Hacker News new | ask | show | jobs
by cjbgkagh 1418 days ago
There will always be someone somewhere who will offer to do your work cheaper than you.

I would much rather be paid based on skill than based on location. I think people should be able to make the case that indeed they are more productive than X people from Y location. If not, by all means higher the cheaper people and see how that turns out.

For those middling developers who are adversely affected it would make sense that they focus on jobs where location is more important.

1 comments

> I would much rather be paid based on skill than based on location.

And that is how societies, especially middle class, gets decimated. Look at what happened to midwest when The Capital discovered that chinese workers are equally skilled at manufacturing stuff at a fraction of the cost.
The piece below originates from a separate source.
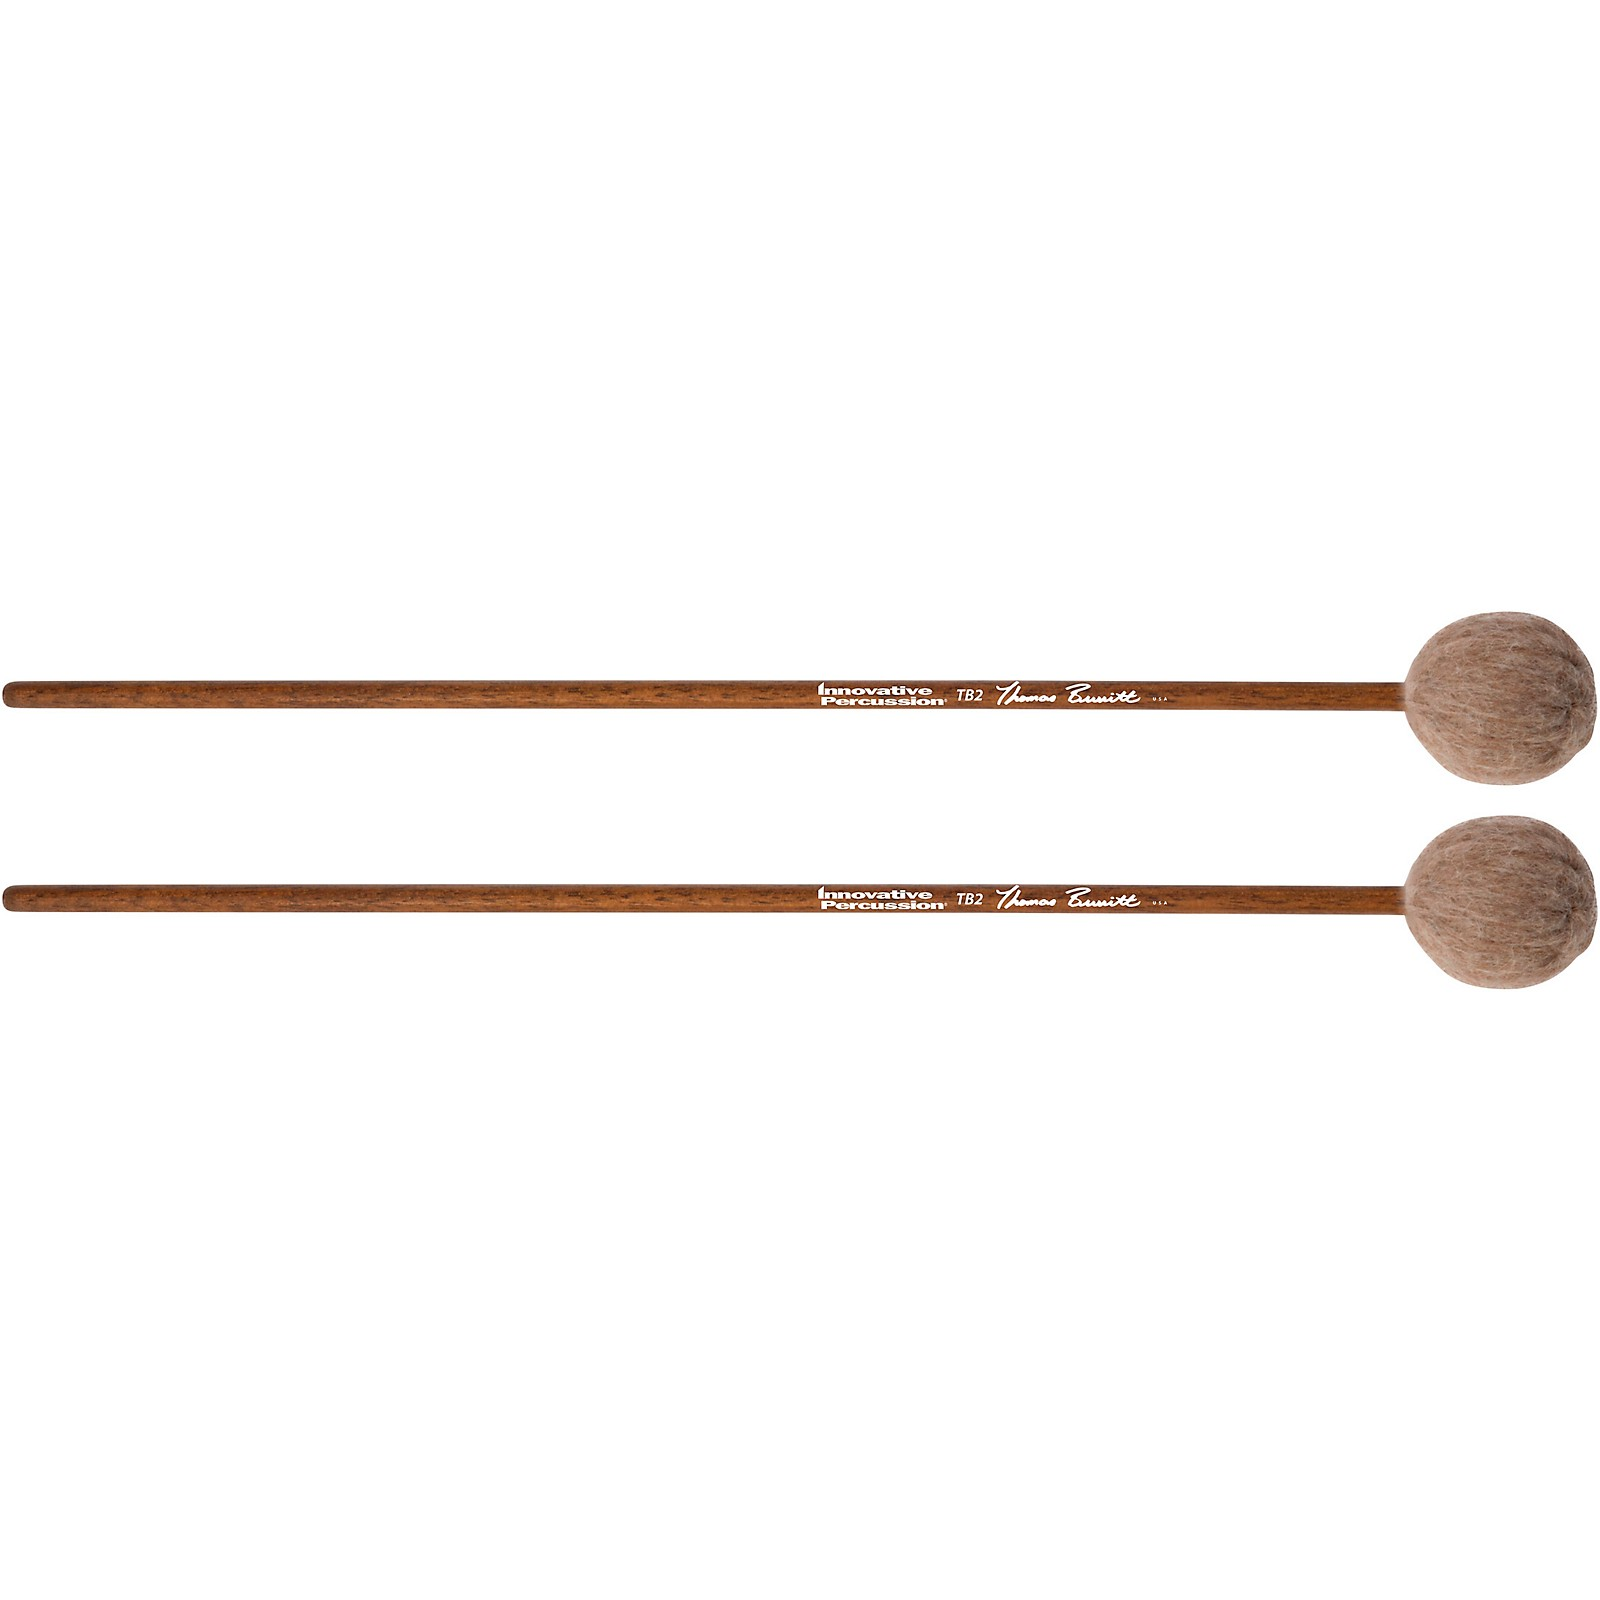 Innovative Percussion Thomas Burritt Series Ramin Marimba Mallets

Sometimes, you don't need skillset beyond a certain level to do a job. And I would rather have that job stay in my community to ensure its stability, rather than outsourcing it so that a few in my community get fabulously wealthy while a big chunk suffers unemployment and all that it entails.
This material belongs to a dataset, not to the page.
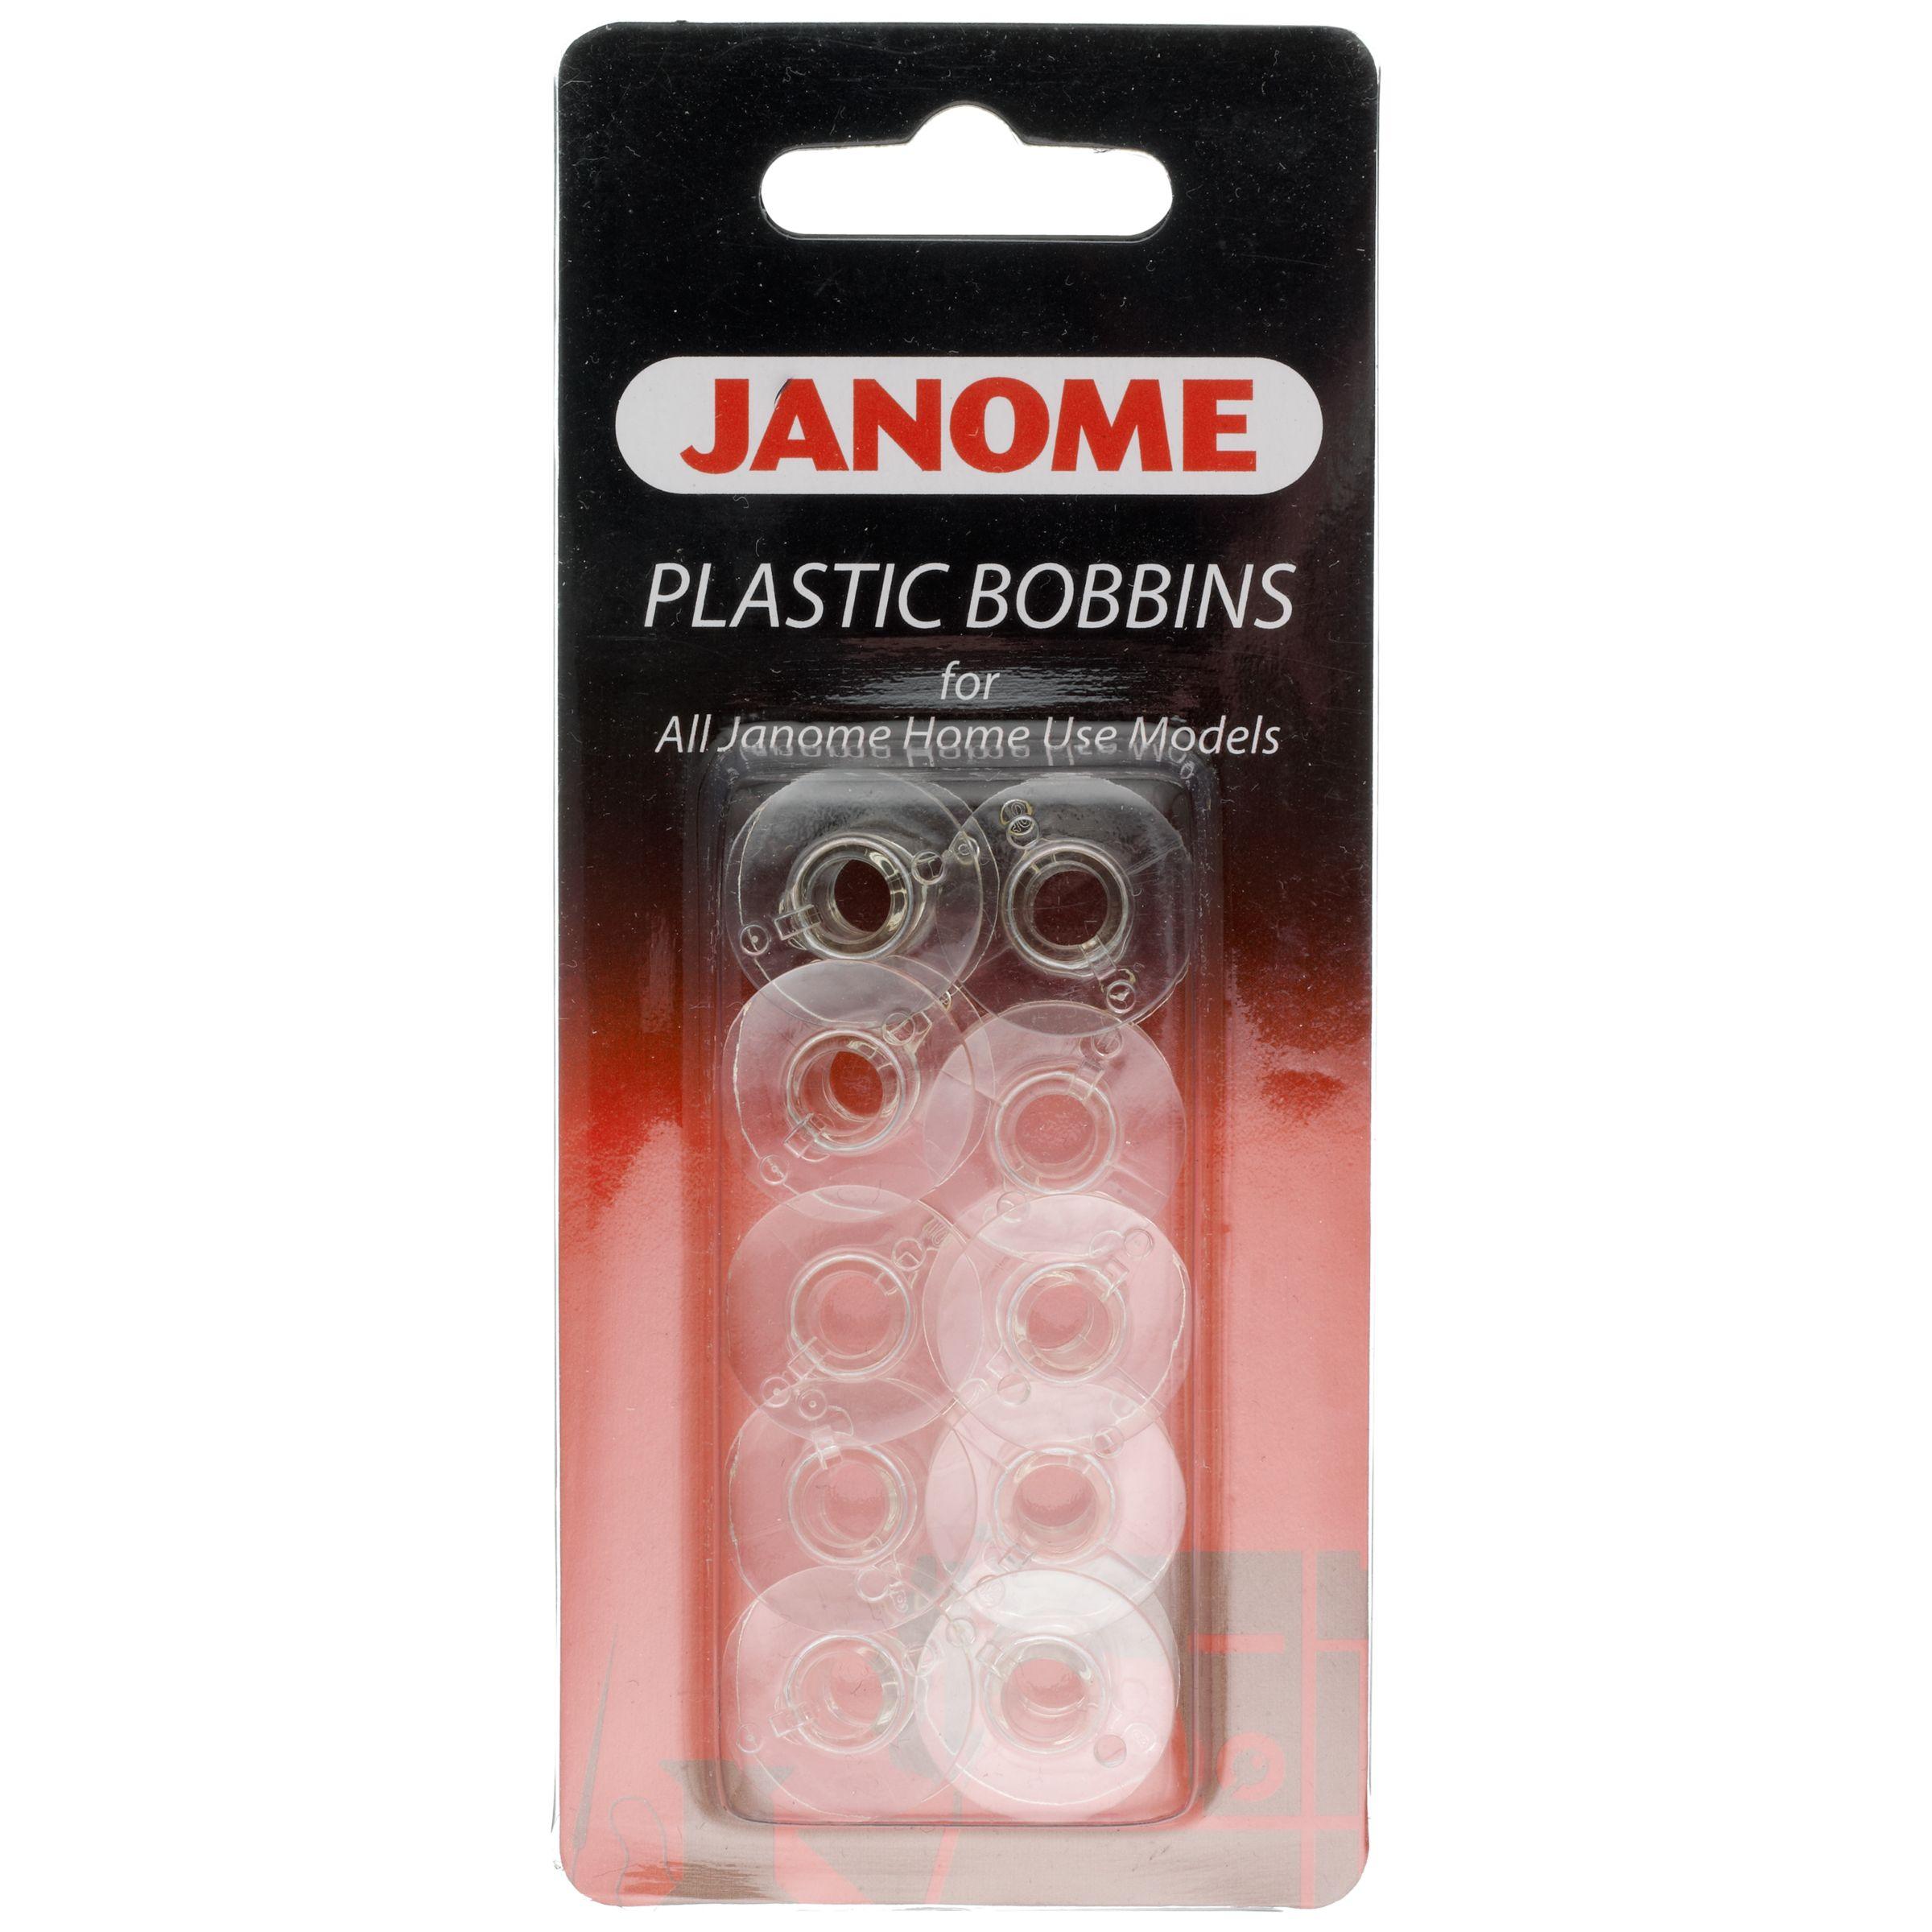 Janome Janome Plastic Bobbins, Pack of 10

With sufficient competition cost savings on labor turn into consumer surplus. It’s incumbent on those who wish to remain in the middle class move up the value chain. This is supposed to be done by using the wealth gained by being early to the middle class to reinvest in additional productivity and specialization. Unfortunately a lot of that wealth has been squandered so those same people are now falling out of the middle class.

A case could be made for maintaining an inefficient and underproductive middle class as a more efficient tax on the productive middle class (as opposed to a less efficient direct redistribution). I am of the view that the US is a net beneficiary of globalization and Americans would have to be prepared to be a lot poorer on average in order to wind it back. I’m also of the view that subsidies for unproductively is long term counter productive.
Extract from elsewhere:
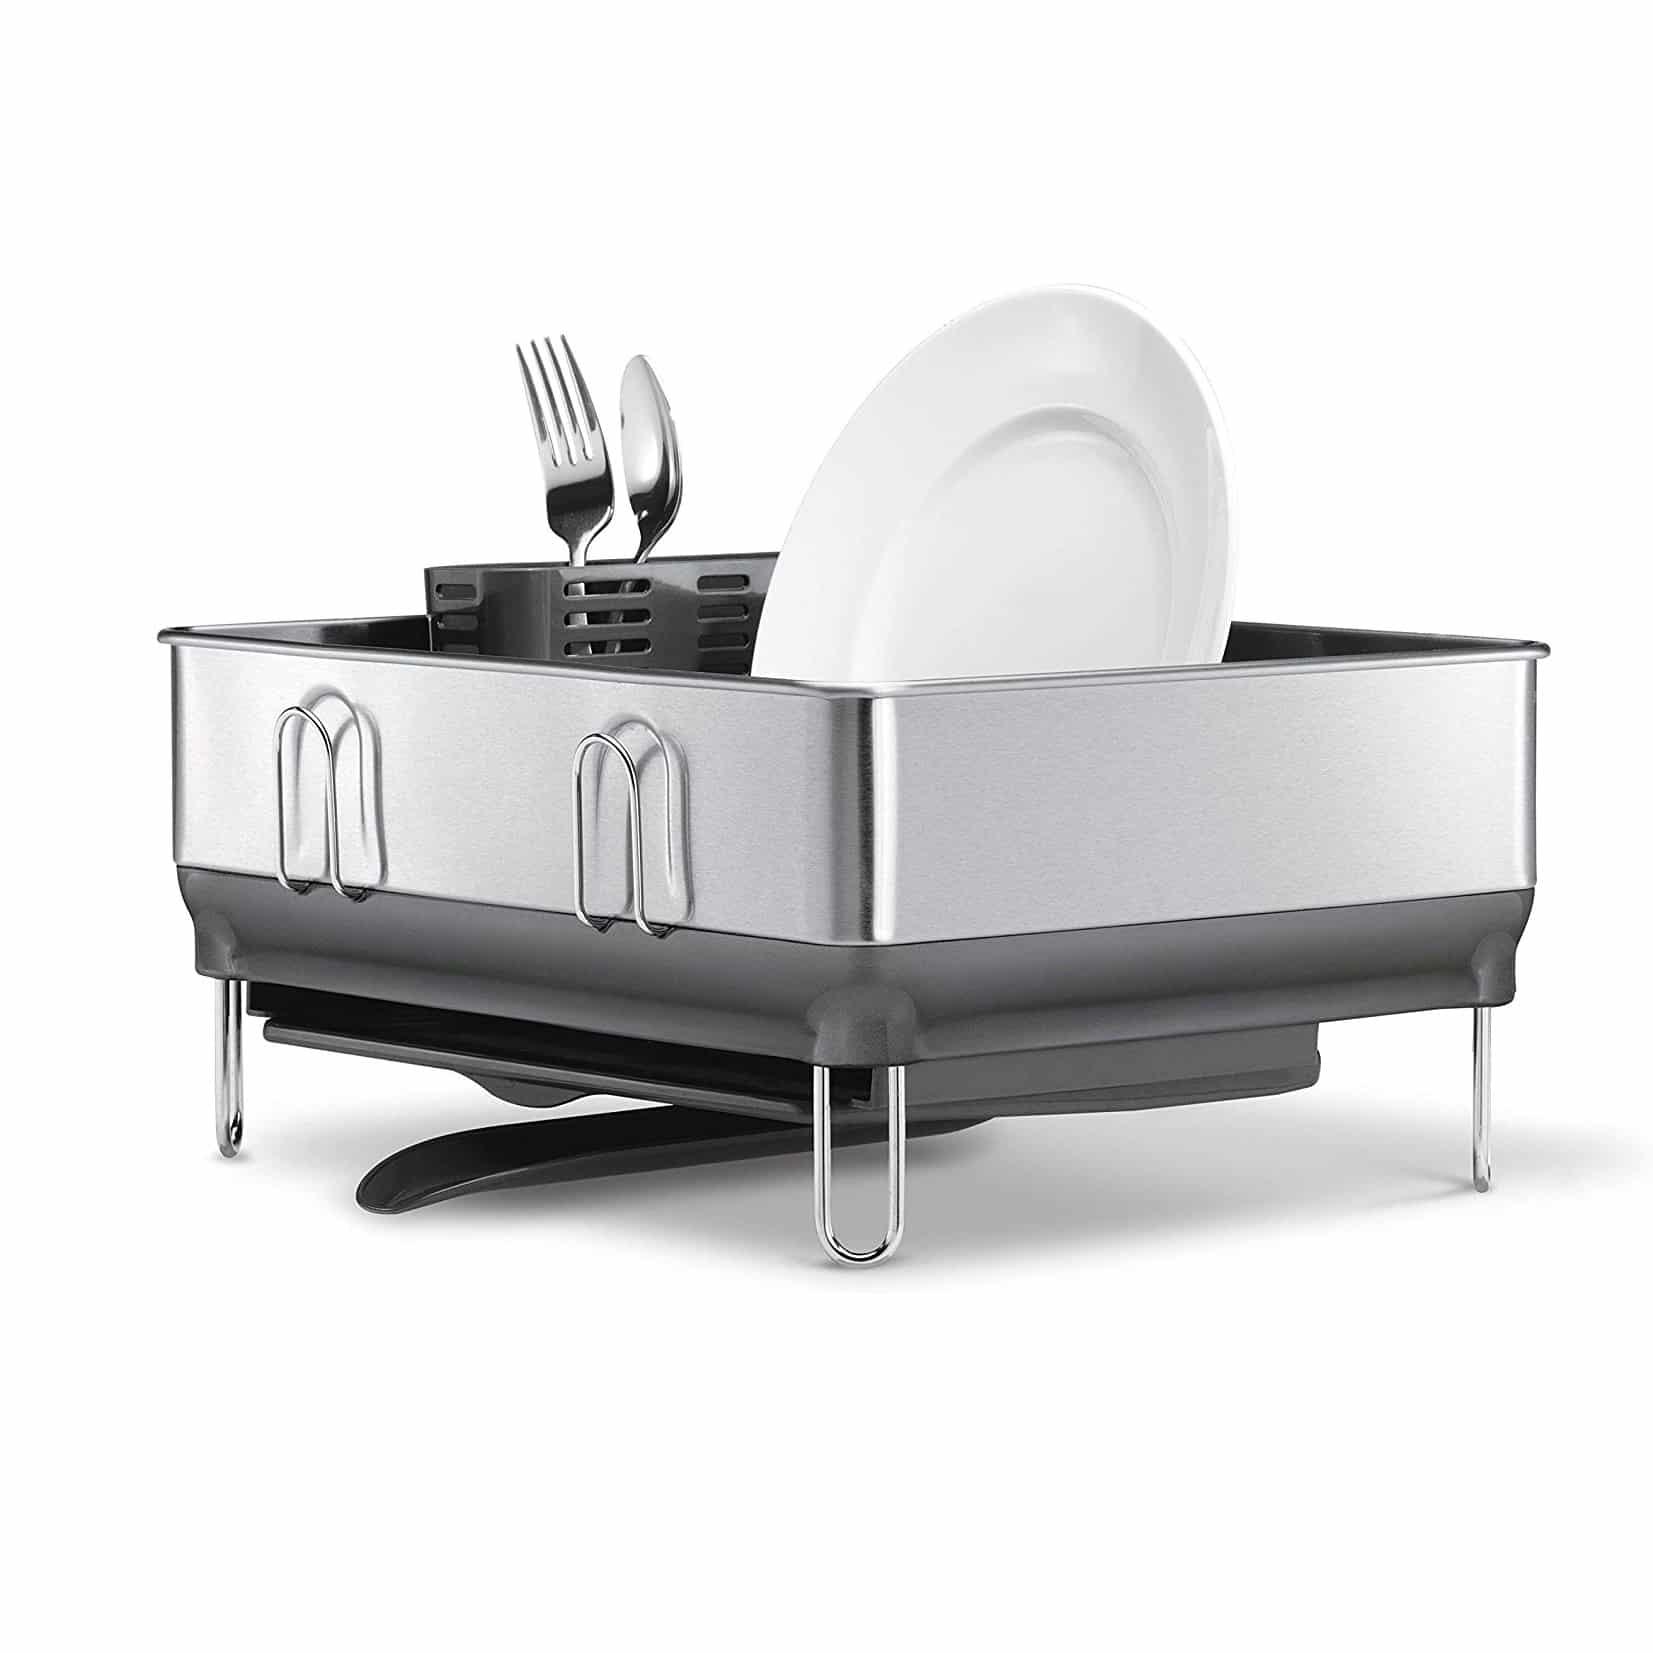 Simplehuman Kitchen Compact Dish Rack

I think management often overestimates the savings of cheap labor, but instead of legislating nationalistic hiring practices, I would prefer those companies to fail and new ones with new management who can more accurately assess costs and value to replace them.

> With sufficient competition cost savings on labor turn into consumer surplus.

Nice theory. Though consumer surplus is not evenly distributed which creates problems.

> This is supposed to be done by using the wealth gained by being early to the middle class to reinvest in additional productivity and specialization.

Again, wealth gained goes to a different set of people than the ones who need to reinvest in additional training. Also, if you are worked until the age of 45 in a certain field, retraining and becoming expert in another field is near impossible given how much time you have to spare with other commitments in life. So again, a cute theory but fails in practice.

> I am of the view that the US is a net beneficiary of globalization

Citation needed. Maybe there are benefits in the short term but I am afraid we have destabilized our society for the long run.

> I would prefer those companies to fail and new ones with new management who can more accurately assess costs and value to replace them.

Sounds good in theory. Haven't seen it working in practice over the last 2-3 decades across the Western world.

A lack of consumer surplus creates far more problems.

Again, lack of wealth causes more problems across the board.

I cite myself for my opinion.

I’ve seen a lot of failed outsourcing over the last 20 years. It’s not like companies haven’t been trying and it’s not like they won’t keep trying. In any case, I’m not sure how effective spreading the wealth through labor restrictions will be if developer salaries normalize after the next recession. I think it is probably a moot point.

> And that is how societies, especially middle class, gets decimated. Look at what happened to midwest when The Capital discovered that chinese workers are equally skilled at manufacturing stuff at a fraction of the cost.

Look at what happened w/ workers in China and elsewhere in that same timeframe. It takes two to tango. Why don't mfg towns in China and Southeast Asia count as "strong communities" too? There are plenty of locally-bound jobs in any First-World country - most of those have well-developed service economies after all. But other stuff will just get done wherever it's most convenient.

> Look at what happened w/ workers in China and elsewhere in that same timeframe.

The “cool” thing about neoliberal trade is that it drives internal inequality (usually on pre-existing race, ethnic, tribal, and other distinct subgroup lines of advantage/dusadvantage) in both the more and less developed partners in trade.